Marina: it was God who saw you Torio. He keeps eternal watch over the dead.
Torio: Why should God keep watch over the dead? Why not you and me who are still alive?
Marina: Oh…what you did is a horrible sacrilege! If you die, heaven will surely not receive your
soul…Yes, if you die, even hell would refuse your damned soul!
Torio: (mad) Why do you always say “if you die” “if you die”? Do you really want me to die?
Torio: (vehemently) You really want to get rid of me, don’t you? (Marina, throughout, tries to
interrupt—in vain) Now I see that you two have been waiting for me to die so you could live together!
Maybe a little wound like this can put me into bed. You’re praying—praying that I will die. But I’ll
disappoint you both! I will live on and on if only to punish you by denying you the chance to live
together! I’m still young! I have hundred years before me! Not all the dead in the world can drag me to
the grave! (his raving rises in pitch) I dare them! Yes, I dare all the dead whom I offended to take me!
(raving mad, shouts through the window) Take me if you can! I despise all of you! Oh, that you were all
alive now and suffering in life! (suddenly collapses).
Carding: (at Torio’s side) Torio! (to Marina) Get some water quick! (Marina gets water as Carding tries
to revive him. Then makes him drink.)
Torio: (he comes to, sees Marina and speaks between gasps) I’m all right…They cannot take me…I’m
not willing to go yet. (looks around blindly) Where’s Carding? Has he gone?
Torio: I thought…. you had left… You are not mad at me…are you?
Carding: You don’t have to explain.

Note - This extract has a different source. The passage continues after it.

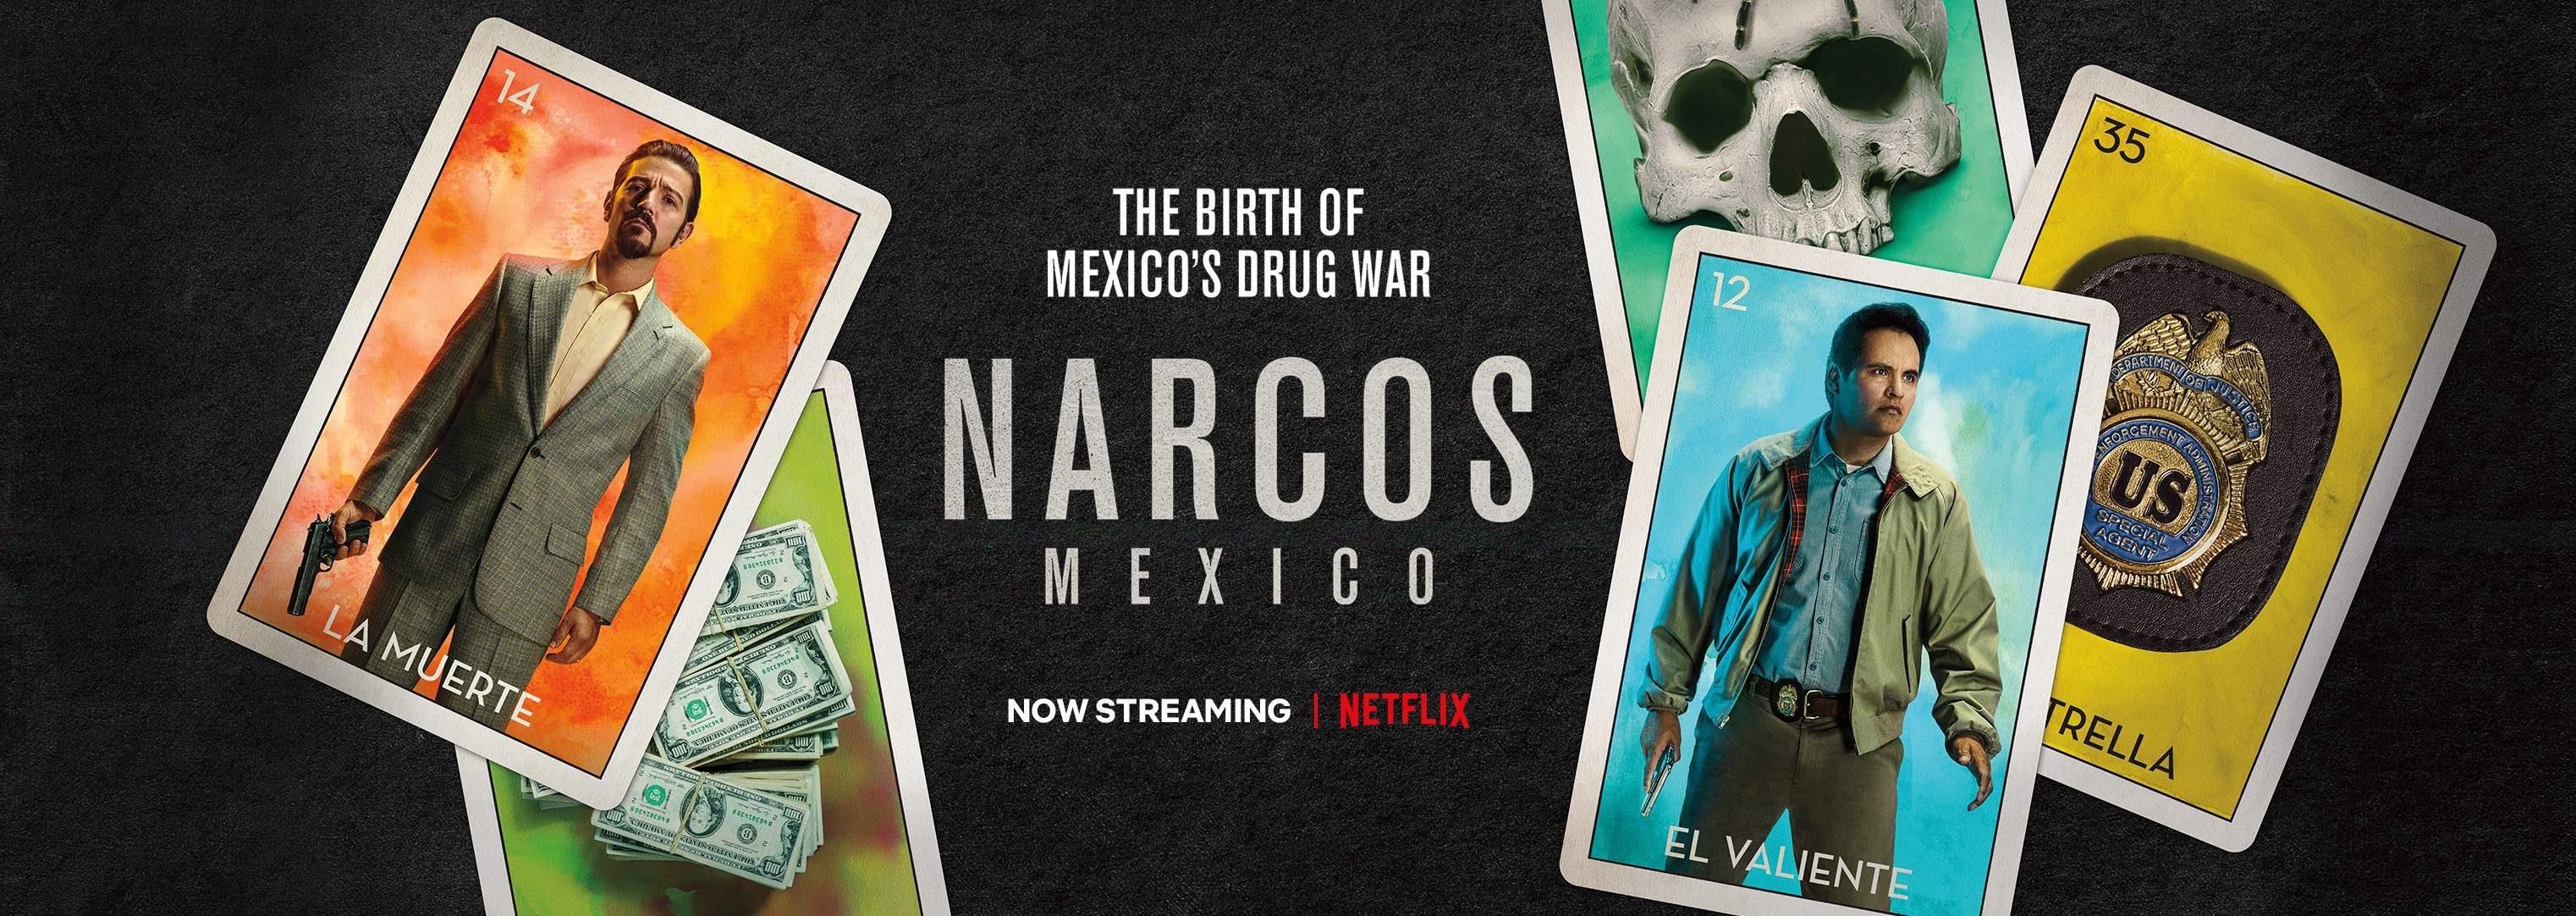 """Cómo ver """"Narcos México"""" en línea"""

I understand very well. Try not to talk…you need rest.
Torio: Yes, I feel tired…You two talk together…I’ll take a short nap… (to Marina) Wake me up when he’s
ready to leave, Marina…
(Torio closes his eyes; suddenly his head and his arm fall over the edge of the cot)
Marina: (screams, shaking him) Torio! Wake up, Torio! Wake up! (flings her body on him and cries over
the body for a time; later, Carding pulls her away and covers the body as Marina, now calmed, watches.)